Die Hauptvorkommen blieben drin.
Die Uran-Prospektion wird eingestellt
Vor dem Hintergrund stark fallender Weltmarktpreise, dem Rückgang staatlicher Förderungen und den stetig zunehmenden Widerständen der Umweltbewegung wurde die Uransuche im Schwarzwald im Jahr 1983 eingestellt.
Menzenschwand (St. Blasien)
Das größte Uranvorkommen im Schwarzwald wurde in Menzenschwand im Südschwarzwald gefunden. Nicht durch Kirchheimer, sondern durch zwei Geologiestudenten! Bei dem Vorkommen handelt es sich um die größte Uranlagerstätte im Westteil von Deutschland.
In der Grube Krunkelbach wurden durch die Gewerkschaft Brunhilde im Zeitraum von 1960 bis 1991 über einen 249,5 m tiefen Blindschacht, auf insgesamt neun Sohlen und einem 4.300 m langen Streckennetz ca. 100.000 t Uranerz gefördert.

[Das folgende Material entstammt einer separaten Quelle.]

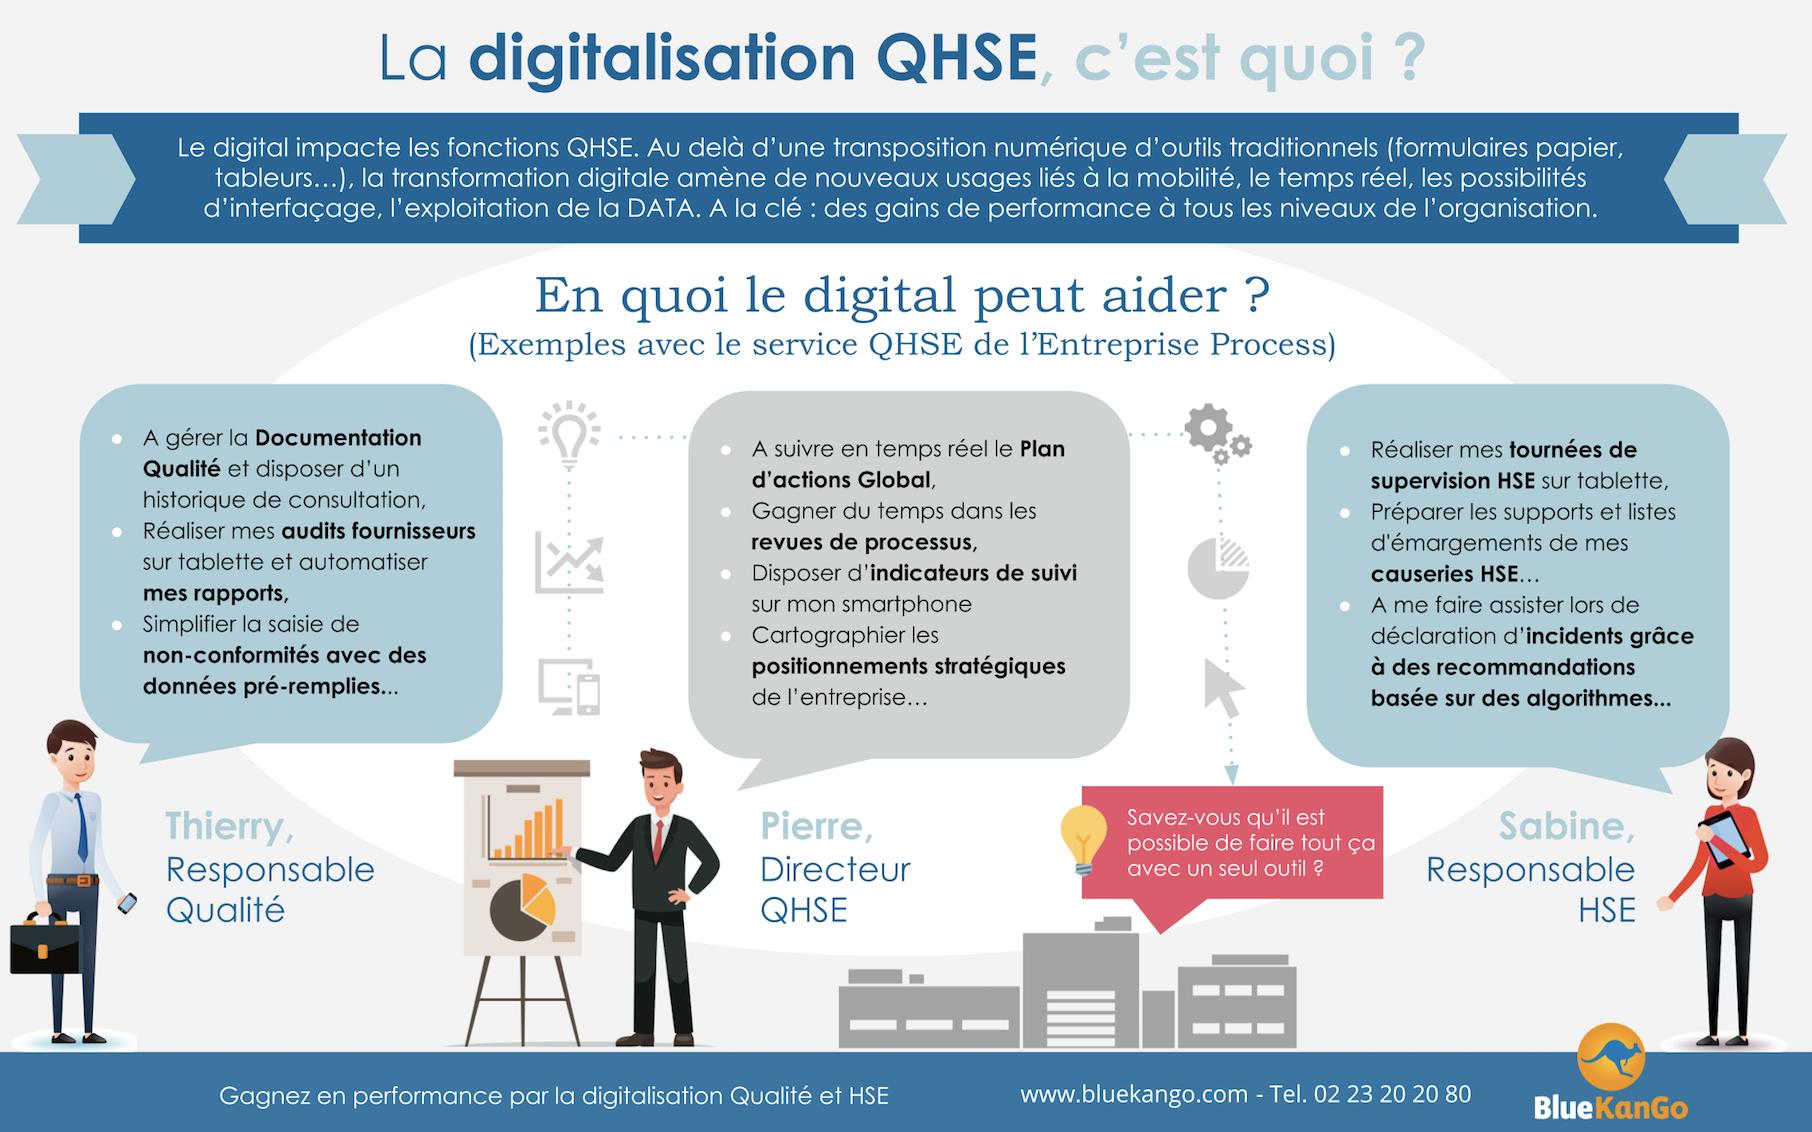 [Infographie] La digitalisation, c'est quoi en fait ? BlueKanGo

Besonders pikant an der Bergbaugeschichte im Krunkelbachtal ist, dass die Gewerkschaft zu keiner Zeit über eine Konzession zum Abbau verfügte, sondern lediglich zur Untersuchung (Prospektion).
Müllenbach (Baden-Baden)
In Müllenbach bei Baden-Baden wurden ab 1975 durch die Fa. Saarberg-Interplan Uran GmbH, später nur noch Saarberg-Interplan GmbH, zwei Probestollen angelegt (Kirchheimerstollen und Sauersboschstollen) und Versuche zur Auslaugung des Urans unternommen.
Bis 1982 wurden mindestens 30 Tonnen Uran entnommen.
Planungen einer Erzaufbereitung im 2 km entfernten Oberen Waldbachtal (Gernsbach) wurden, nicht zuletzt wegen massiver Proteste, nie umgesetzt („Das Uran bleibt drin“).
Kirchheimerstollen (links) und Sauersboschstollen (rechts) in BAD-Oberbeuern im Januar 2023. Das Uran blieb am Ende drin.